Home Reflections And then it hit me…

And then it hit me…


Interviews. I hate them. I could prepare for hours and still spout garbage when I get there.

When I am at home practising, I flow like a stream. Everything is fine. The answers melt off my tongue. My face is a candle of happiness. I’ve got this! I tell myself.

Then I get to the site. And I walk into the room. And the questions begin. Suddenly, I don’t really hear what they are saying. I wish to be anywhere else but there.

I feel uncomfortable. The only thoughts that flow through my mind is when will it end.

They keep asking more questions and my head spins. Then it’s my turn. I ask meaningless questions, my body screaming at me to get out as fast as I can.

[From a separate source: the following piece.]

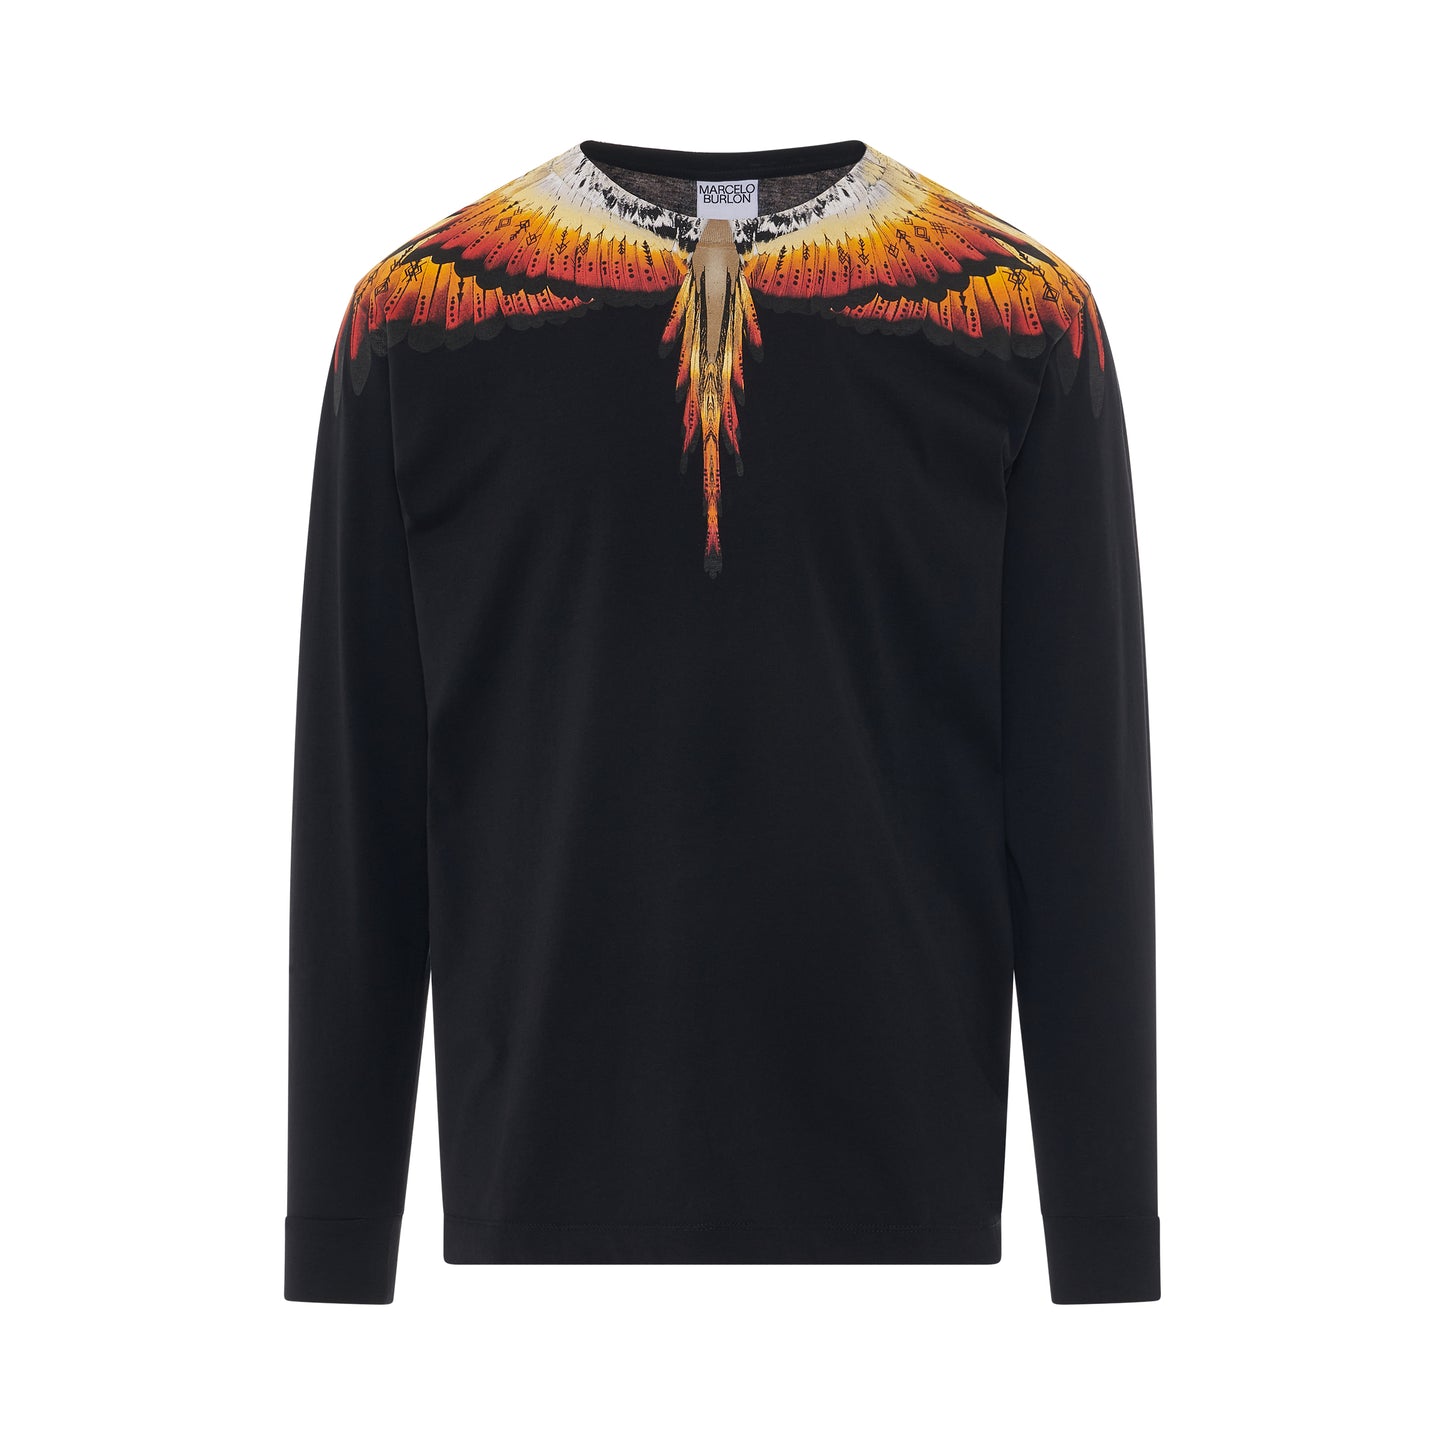 Solfolk Wings Regular Long Sleeve T-Shirt in Black/Red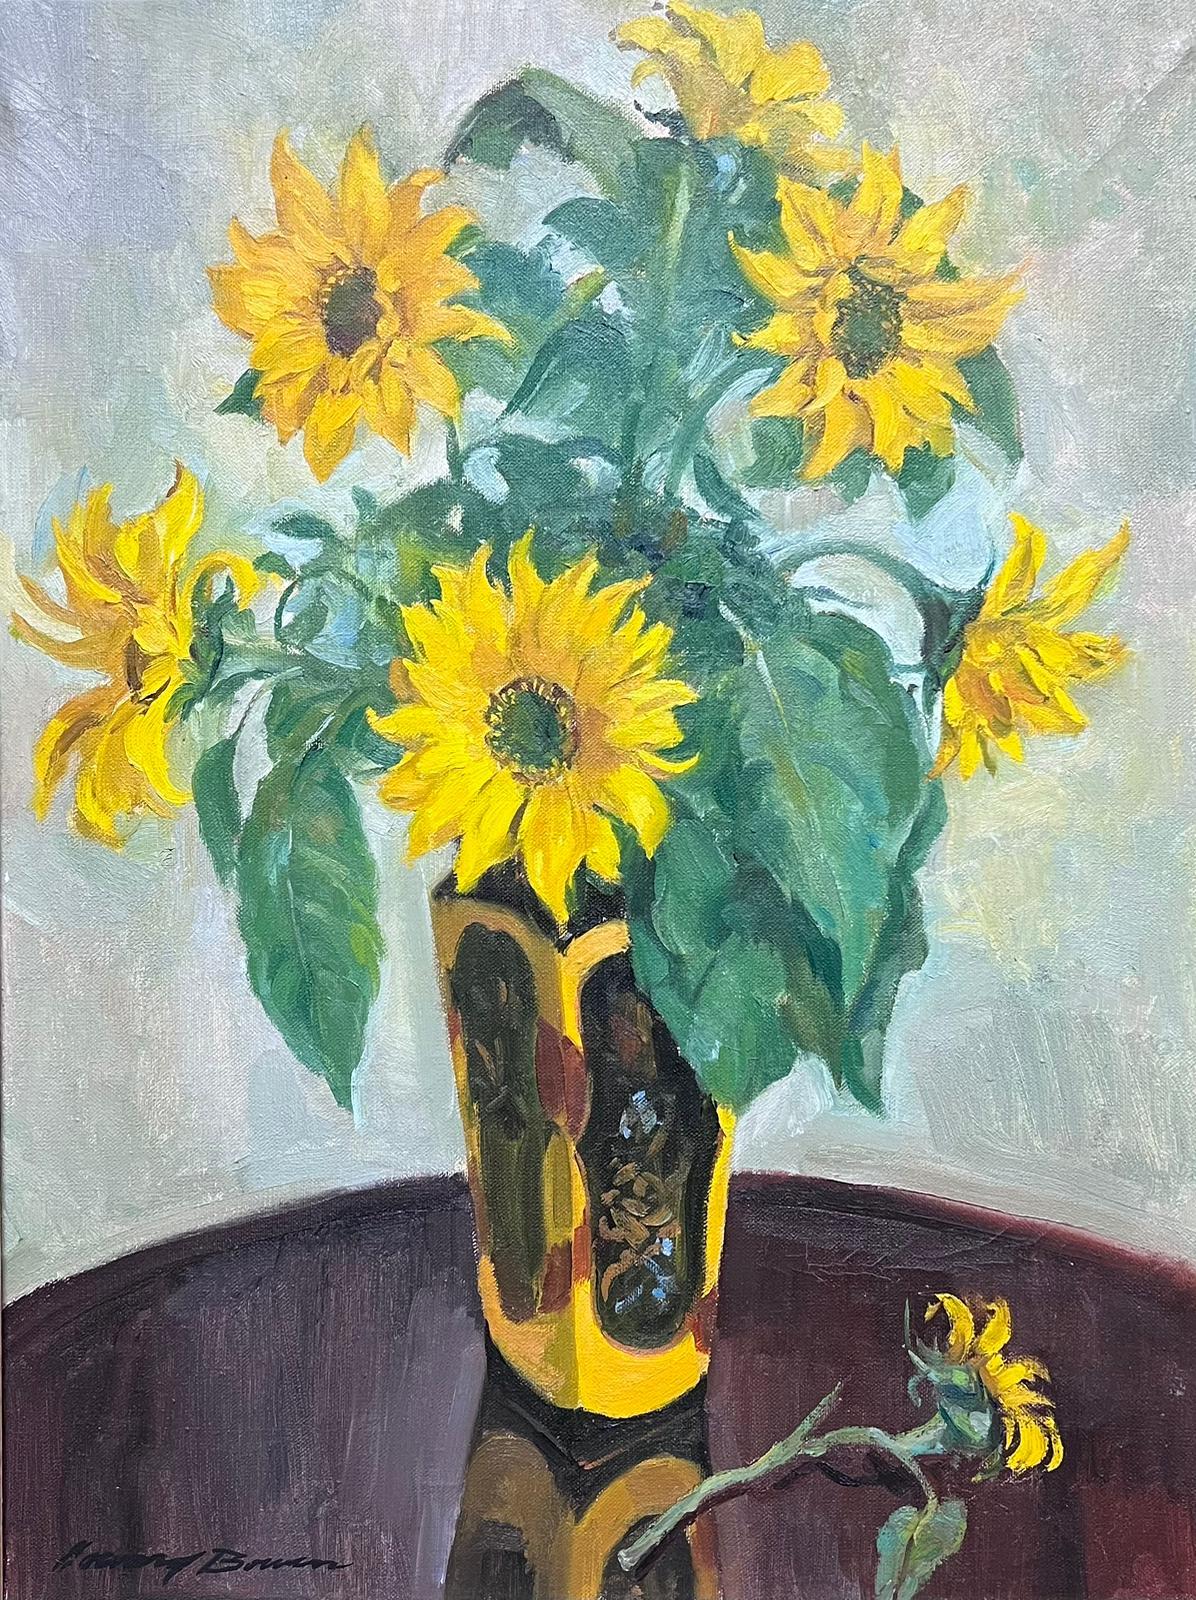 Sonnenblumen in Vase 1950er Jahre English Impressionist Signiertes Ölgemälde auf Leinwand – Painting von Mid 20th Century English Impressionist

It’s over. I leave. And I know that I did not do well and will not get the job.

At first I wondered, maybe it was the type of questions they were asking me. Maybe that was the reason why I could not respond the way I wanted.

Afterwards, I thought that perhaps it was just nervousness that was causing me to say unnecessary things. But that wasn’t it at all.

I’ve sent out countless CV’s and received few callbacks, callbacks that resulted in disaster.

Soon, I got disenchanted with the process and started looking for jobs passively. That way, I would not get my hopes high.

Then came the time of Covid. The time of the great seclusion. When the country started reopening, I started to apply for positions again. I had gotten a callback for a position I had applied for and they wanted to do the interview via Zoom.

I was very pleased with this arrangement. Not having to leave the house was a benefit to me. I believed that I should at least do better at this interview since I would be in my comfort zone.

Alas! It was not to be.

It seemed that more nonsense came forth from my mouth. I then realised that something else was the problem. But what?

Later, I chatted with my nefarious half, and he suggested that maybe I was not focused. Maybe I did not have clear cut goals and aspirations.

I pondered upon it. I thought that was it. But it wasn’t.

And then it hit me. Just as the realisation that Aramis from my meowkateers was a girl, I realised the cause of my problem.

The truth is I was uncomfortable talking about myself. I never realised it until now. So I had to dig deeper. Why was I uncomfortable talking about myself?


Throughout my life, whenever I tried to talk about myself or what went on in my life, no one listened. After analysing these repeated events, I came to the conclusion that I did not matter.

I stopped talking to everyone and withdrew deep into myself. If people asked how I was doing, I would give a short response and then deflect the topic to something else.

Interviews, therefore, make me uncomfortable because I have to talk about myself, which is difficult for me.

What about my previous jobs you ask? Strangely enough, most, if not all of my previous jobs did not require me to go through a formal interview. And no, it wasn’t any “pull-strings” or nepotism that got me the interview. I sent in my application, hoped for the best and they called.

Then, it was more like I meet the person in charge, they tell me what they want and expect, I affirm and then I report for duty. And it works out. No inquisition; happy me.

So now that I have figured out my problem and its source, I have to try to fix it. That is going to be a challenge. It is not going to be easy to undo this behaviour that I have cultivated for many, many moons.

I think that I may have an idea how I can overcome this but people may think I am a bit crazy. But most people already think that so I’ll be living up to my reputation.

Let me see if trying this strategy that I have come up with will help me do better going forward.

P.S. Aramis was from a litter of kittens that was born in the yard on Ash Wednesday of this year to a stray cat. Since there were three of them, I named them Athos, Porthos and Aramis aka the Meowkateers. At the time, I couldn’t distinguish their sexes but I assumed they were all boys. It was only when they turned four weeks old, I realised Aramis, was in fact, a girl.